WORK ITEM: Below this line is a listing that includes pictures. Copy exactly, and only, the lines from the one containing "Shepherd's hut setting" through the one containing "CPA 53 - CHATEAU"; the pictures do not go in the copy.

DATA SECTION:
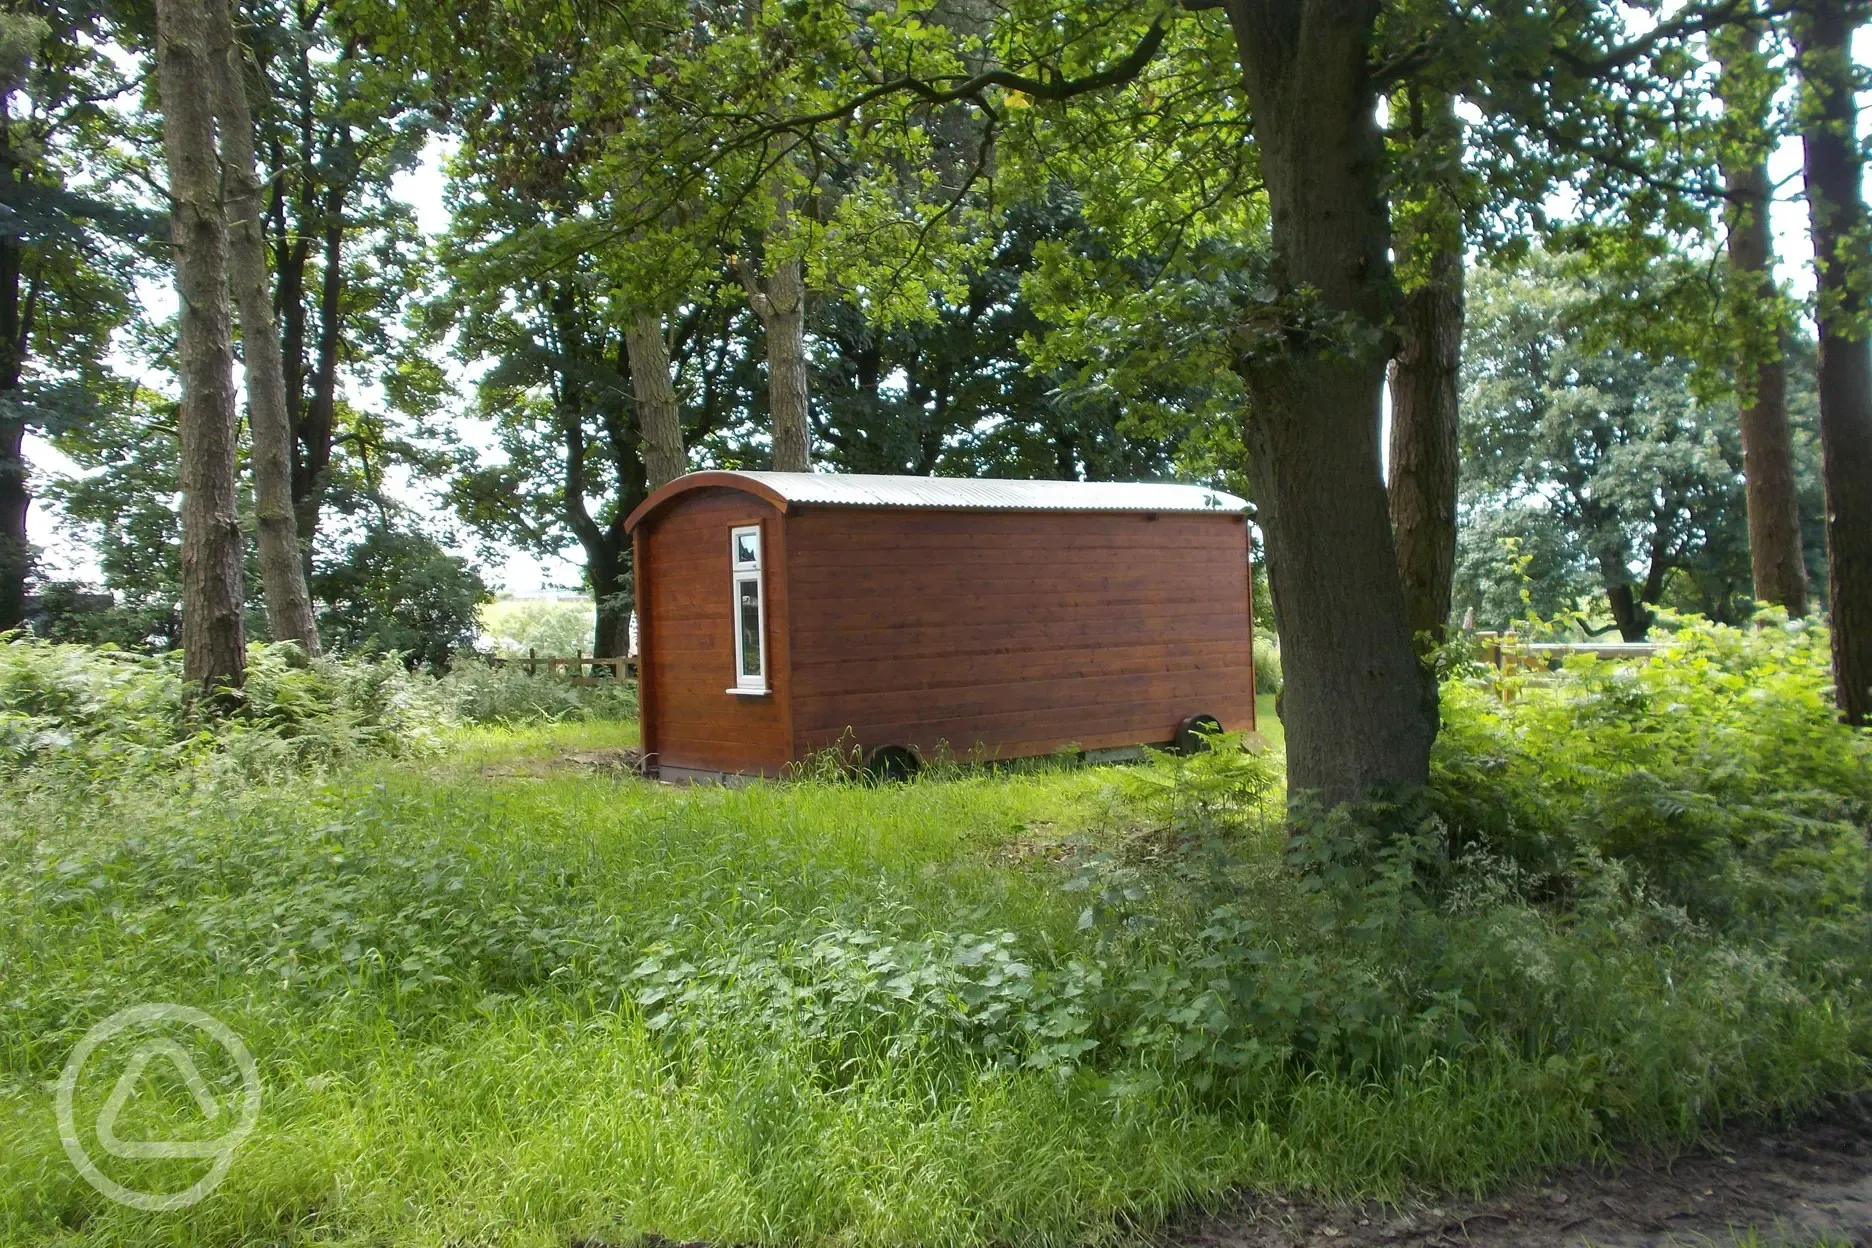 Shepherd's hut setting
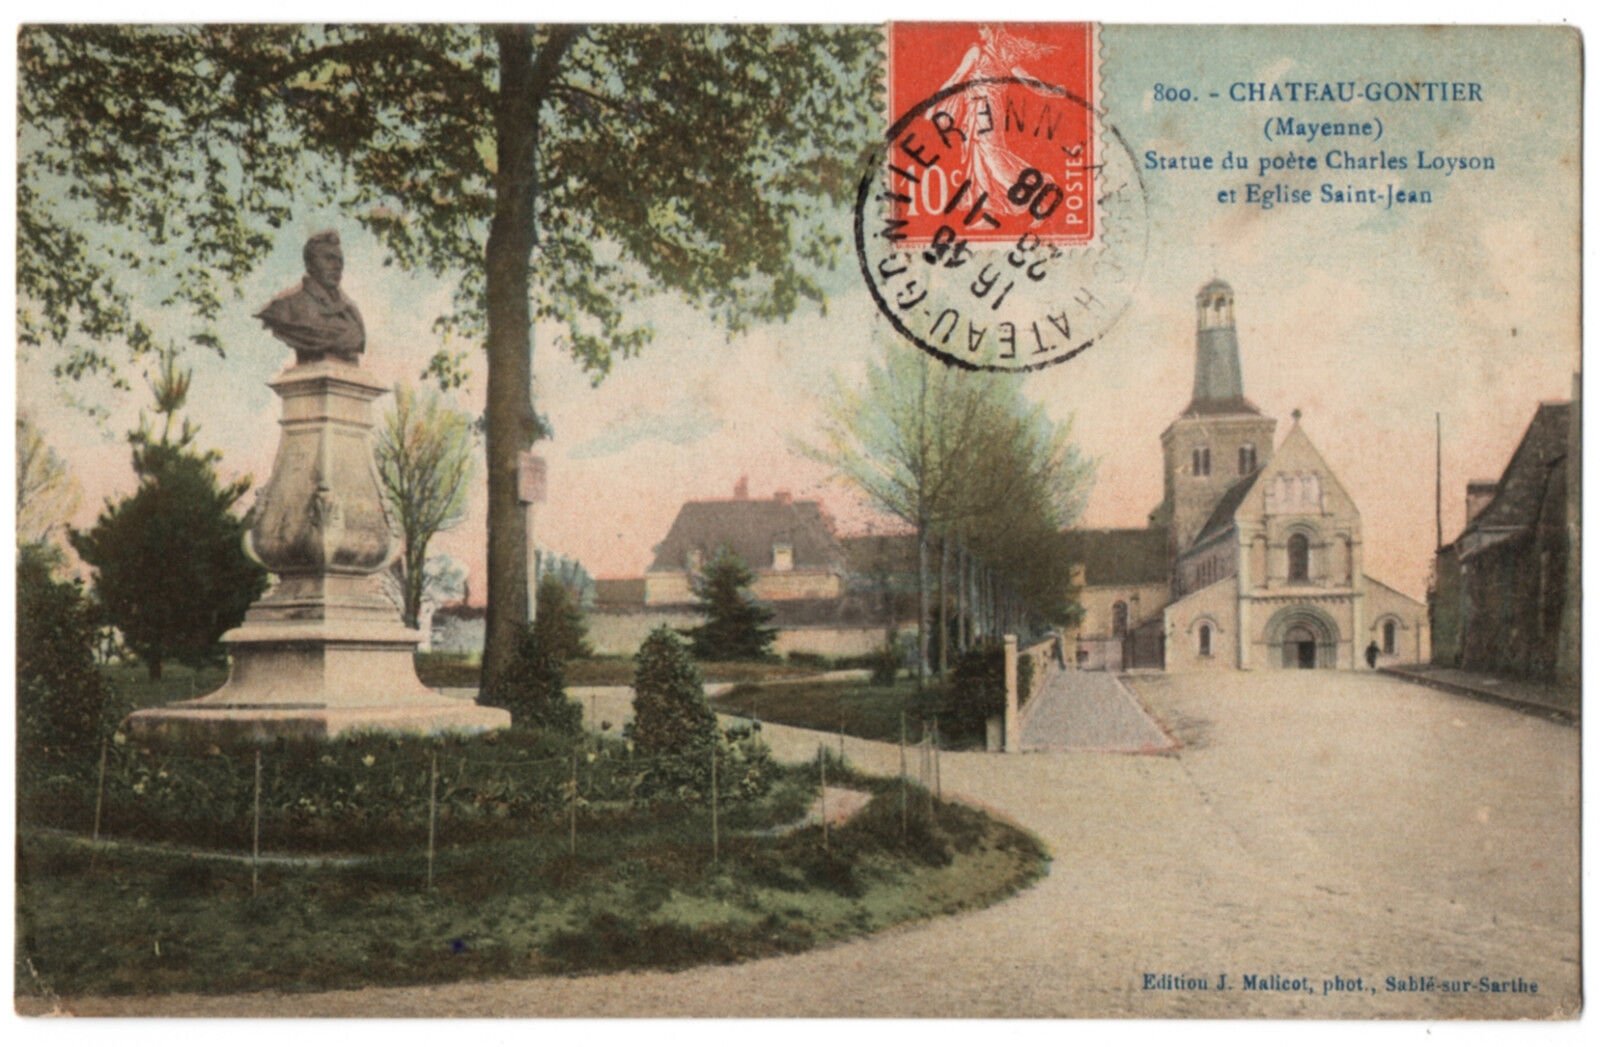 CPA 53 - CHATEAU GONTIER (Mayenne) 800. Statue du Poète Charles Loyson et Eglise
==
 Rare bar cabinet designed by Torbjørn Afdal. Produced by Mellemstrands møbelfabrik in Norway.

SOLUTION FOR THIS EXERCISE:
 Shepherd's hut setting
 CPA 53 - CHATEAU GONTIER (Mayenne) 800. Statue du Poète Charles Loyson et Eglise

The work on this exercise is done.